For more information regarding transitional CGT relief, see LCR 2016/8 Superannuation reform: transfer balance cap and transition-to-retirement reforms: transitional CGT relief for superannuation funds.

Norfolk Island residents

From 1 July 2016, CGT applies to CGT assets acquired by Norfolk Island residents after 23 October 2015. If you were a resident of Norfolk Island on 23 October 2015 you may be able to disregard any capital gain or loss made on a CGT asset you held at that time. For more information see Other exemptions - Norfolk Island residents and Norfolk Island tax and super - Capital gains tax.

Early Stage Innovation Company Investors

From 1 July 2016, if you invest in a qualifying early stage innovation company you may be eligible for a modified capital gains tax (CGT) treatment, under which you may disregard capital gains on qualifying shares that are continuously held for at least 12 months and less than ten years.

If you are an investor who acquired newly issued shares in a qualifying early stage innovation company and you make a capital gain on these shares from a CGT event that takes place in 2016–17, then that gain will be subject to ordinary CGT treatment.

You must disregard capital losses made on your investment in a qualifying early stage innovation company that is held for less than ten years.

Small business restructure rollover

Small business restructure rollover applies to transfers of active assets from one entity to one or more entities on or after 1 July 2016.

The rollover applies to the transfer of active assets that are CGT assets, trading stock, revenue assets or depreciating assets.
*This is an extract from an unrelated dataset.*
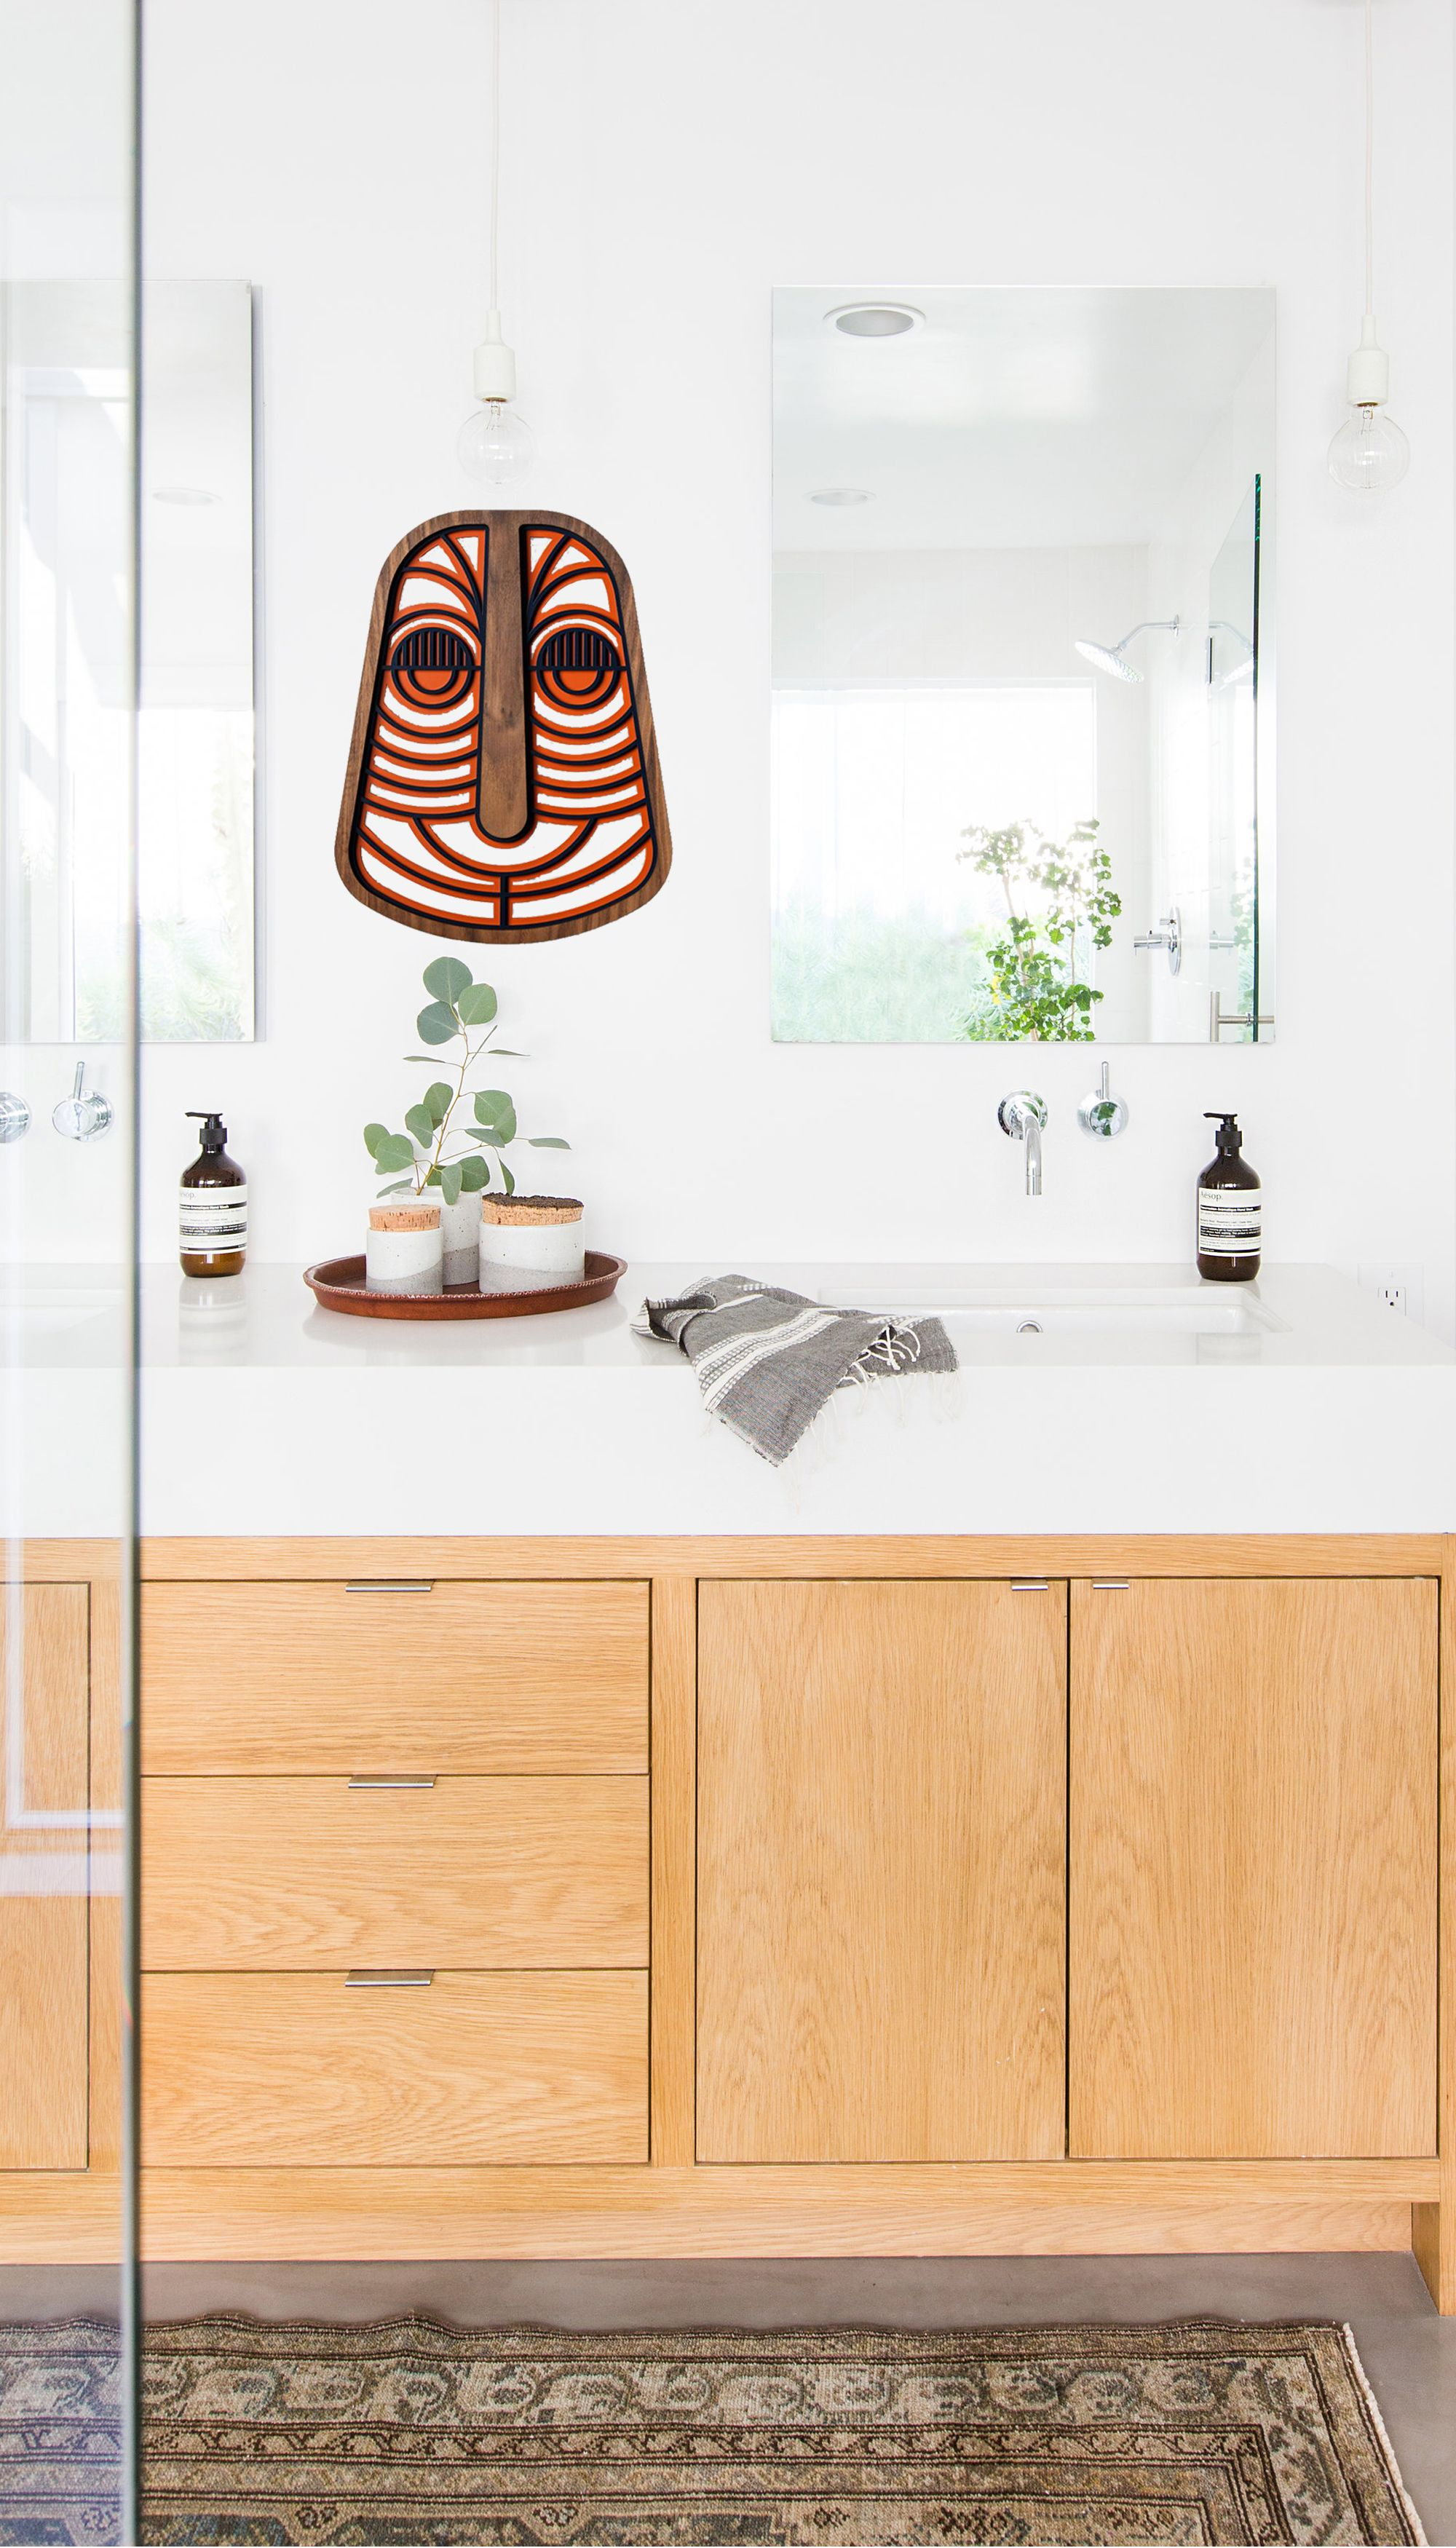 Bathroom Decorative Wall Mask With Wooden And Abstract Design Bathroom Homedecor Wallart Walldecor Etsy With Images Abstract Wall Decor Wall Mask Wooden Walls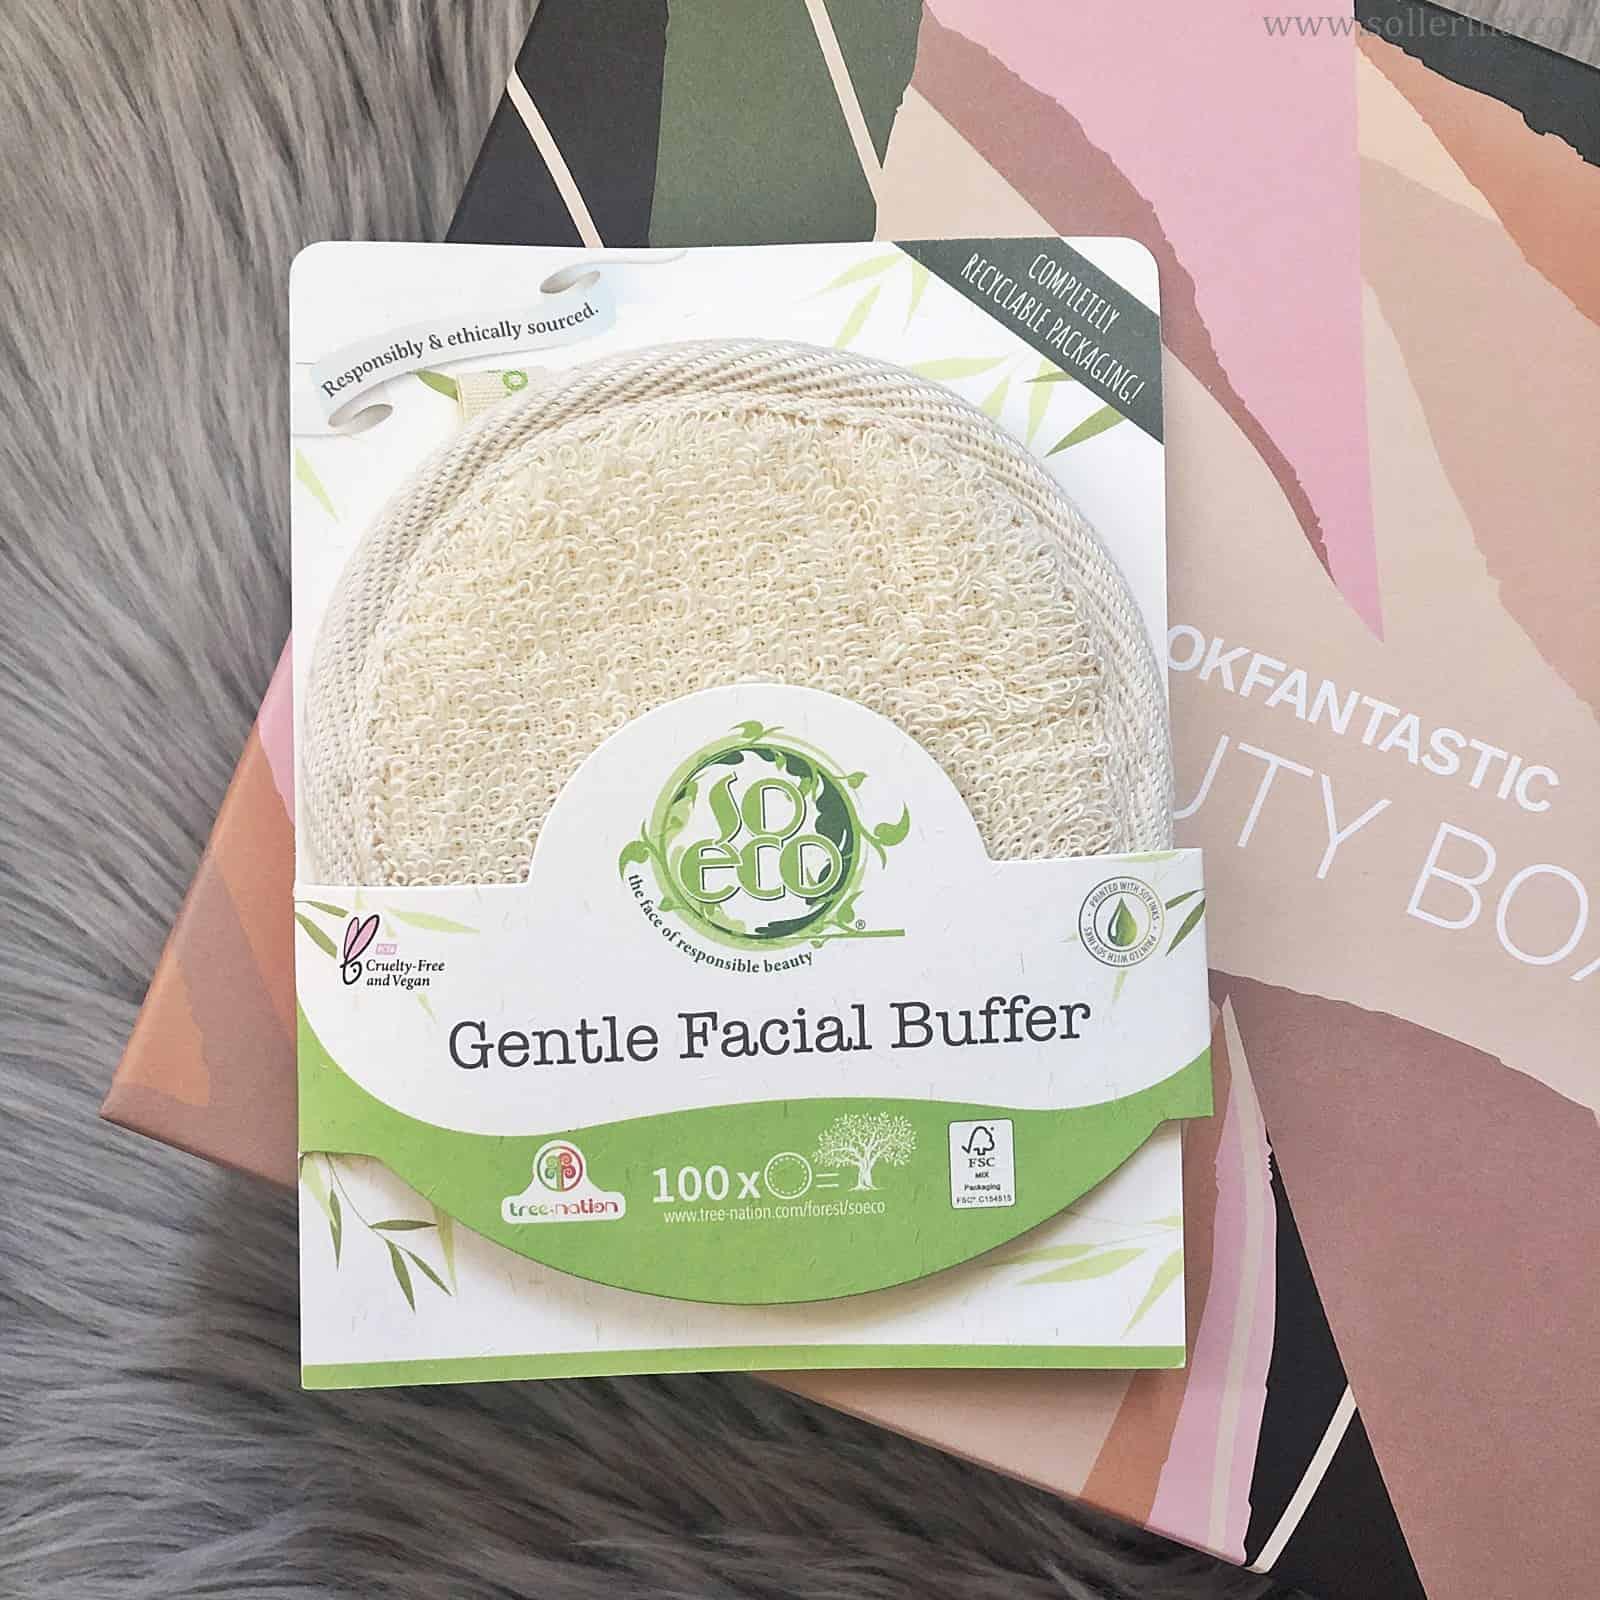 So Eco – Gentle Facial Buffer

For more information, see: Small business restructure rollover.

Capital gains tax changes for foreign investors

On 9 May 2017 the Government announced that Australia's foreign resident capital gains tax (CGT) regime will be extended to deny foreign and temporary tax residents access to the CGT main residence exemption. This change applies from the date of announcement.

Properties held prior to this date will be grandfathered until 30 June 2019. Legislation is being developed for this measure.